Cuba eliminó 140.000 empleos estatales en 2011 y prevé otros 110.000 este año

Infolatam/Efe
La Habana, 29 de abril de 2012

Las claves

  • El Gobierno de la isla se propone suprimir 500.000 puestos de trabajo estatales de forma progresiva hasta el año 2015.
  • El "reordenamiento" está orientado a "recuperar el valor del trabajo" y persigue cambiar la estructura laboral en un país donde el mayor porcentaje de la población ocupada se dedica a los servicios y no a la producción de bienes.

Cuba eliminó 140.000 empleos estatales en 2011 y prevé reducir unos 110.000 a lo largo de 2012, año en que espera completar el 50 por ciento de la reordenación laboral emprendida en la isla para adelgazar sus abultadas plantillas públicas.

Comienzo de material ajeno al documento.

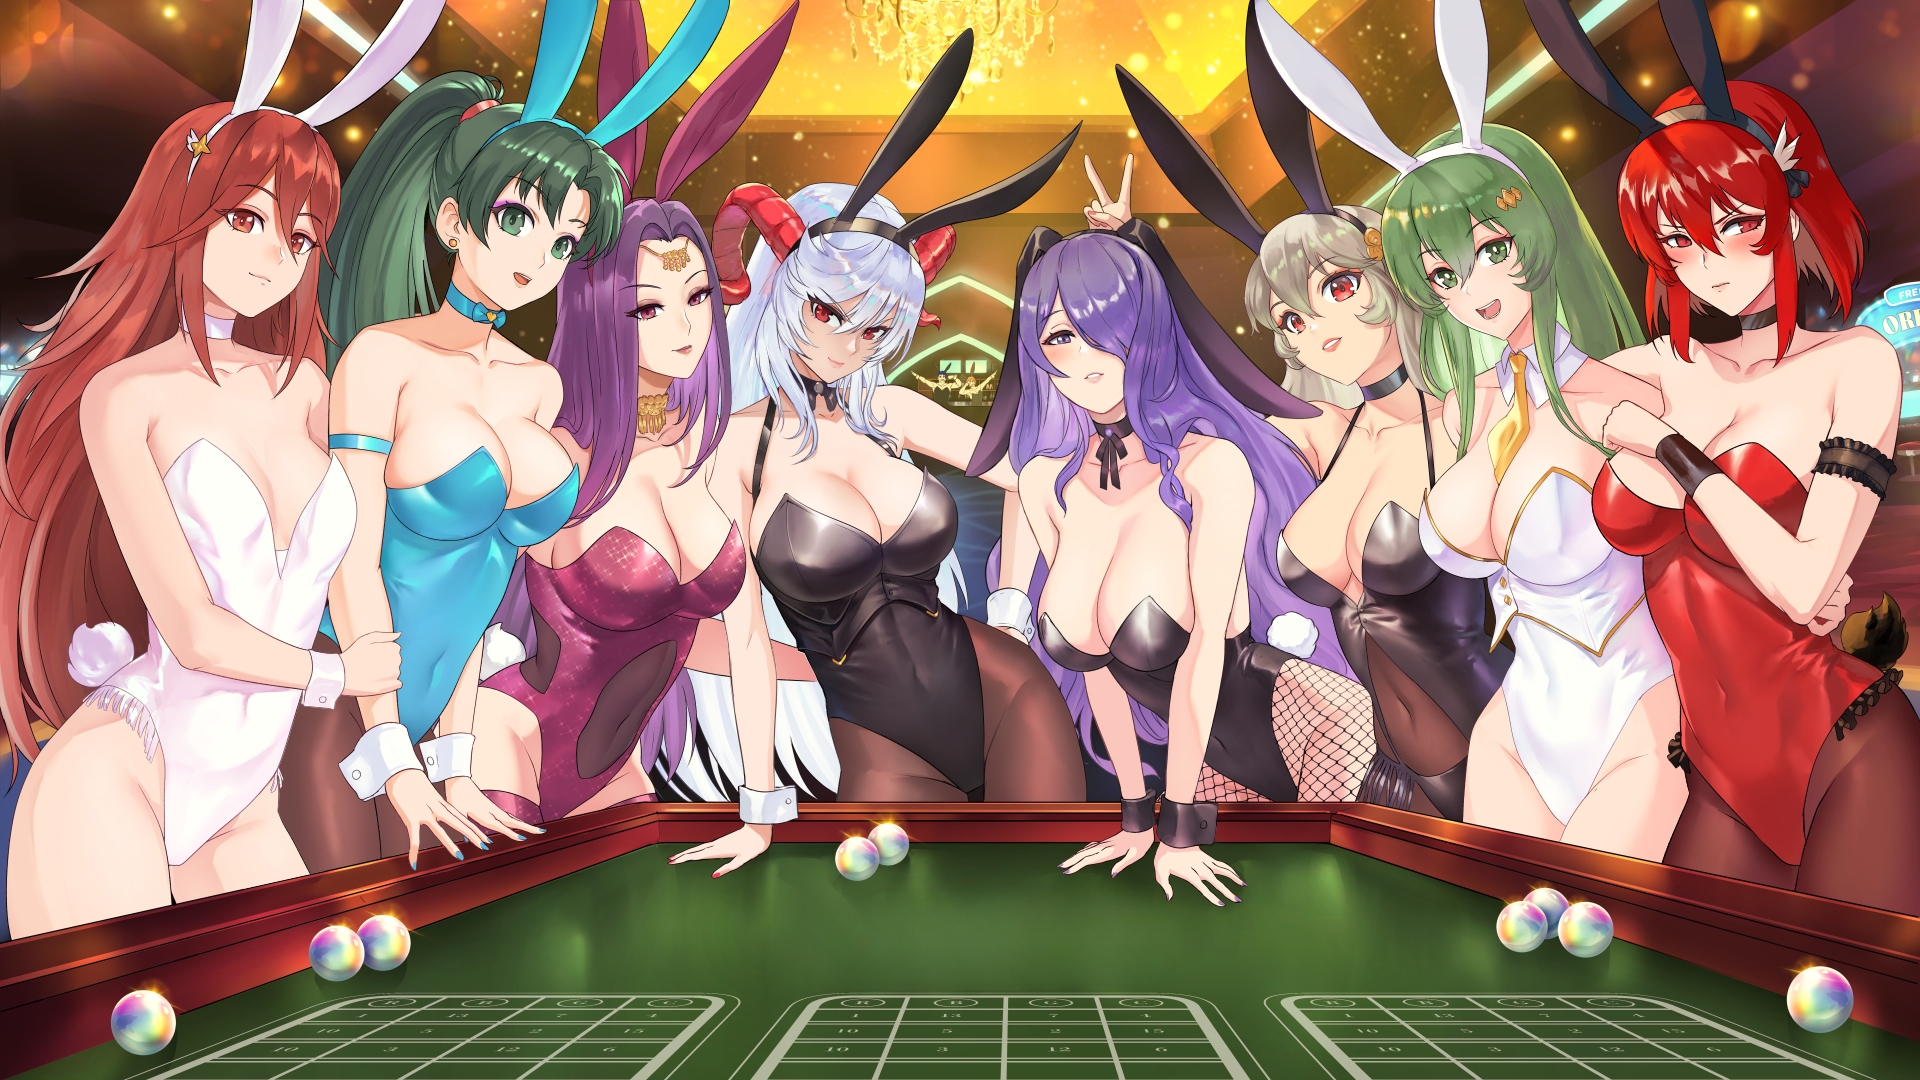 Anime 1920x1080 video games video game girls long hair Nintendo bangs anime girls Fire Emblem animal ears bunny girl bunny suit leotard Camilla (Fire Emblem) Cordelia (Fire Emblem) Lyn (Fire Emblem) Corrin Erinys (Fire Emblem) Freyja (Fire Emblem) Minerva (Fire Emblem) Sonya (Fire Emblem) Fire Emblem Gaiden Fire Emblem Fates Fire Emblem Awakening Fire Emblem The Blazing Blade redhead red eyes green hair green eyes choker purple hair purple eyes white hair pantyhose brown pantyhose blunt bangs sidelocks black leotard white leotard red leotard blue leotard bunny tail sleeveless sleeveless cuffs cleavage big boobs hair clip hair ornament bracelets fishnet fishnets fishnet pantyhose casino Candelabra velvet roulette horns thighs jewelry necklace shirtless collar earring belly button tight clothing shoulder length hair

La reducción de las nóminas estatales es una de las principales medidas del plan de reformas económicas que lleva a cabo el Gobierno de Raúl Castro junto con la ampliación del trabajo privado (“por cuenta propia”, como se conoce en Cuba), una de las alternativas laborales para los despedidos del sector público.

En total, el Gobierno de la isla se propone suprimir 500.000 puestos de trabajo estatales de forma progresiva hasta el año 2015, según recordó en entrevista con Efe Raymundo Navarro, miembro del secretariado (máximo órgano de dirección) de la Central de Trabajadores de Cuba (CTC, sindicato único).

Navarro, responsable de Relaciones Internacionales de la CTC, explicó que la previsión es completar el 50 por ciento del total a finales de este año.

Este drástico ajuste laboral que comenzó el año pasado en ministerios como el de Agricultura o el sector azucarero ha sido “la situación más difícil” a la que se ha enfrentado el movimiento sindical cubano durante la revolución, según admitió Navarro.

Bajo la convicción de que las reformas para “actualizar” el modelo económico cubano tienen como finalidad “reafirmar el socialismo”, Navarro defendió que la CTC debe tener un papel “protagonista” en el proceso de reducción de plantillas y desde una perspectiva de “justicia social” para que se produzca sin traumas.

Destacó también que ese “reordenamiento” está orientado a “recuperar el valor del trabajo” y persigue cambiar la estructura laboral en un país donde el mayor porcentaje de la población ocupada se dedica a los servicios y no a la producción de bienes.

Ahora se trata, explicó, de “invertir” ese escenario para aumentar el peso del sector productivo de la isla, para, entre otras cosas, disminuir las costosas importaciones a las que se ve obligada la isla para abastecer a sus habitantes de diversos productos, muchos de ellos alimentos.

Otro de los retos que afronta el movimiento sindical cubano es la integración del emergente sector de trabajadores privados, resultado de la ampliación del empleo por cuenta propia en la isla.

De los más de 370.000 “cuentapropistas” (como se les llama en argot cubano) que ya existen en el país, un 80 por ciento están afiliados al movimiento sindical, según datos de la CTC.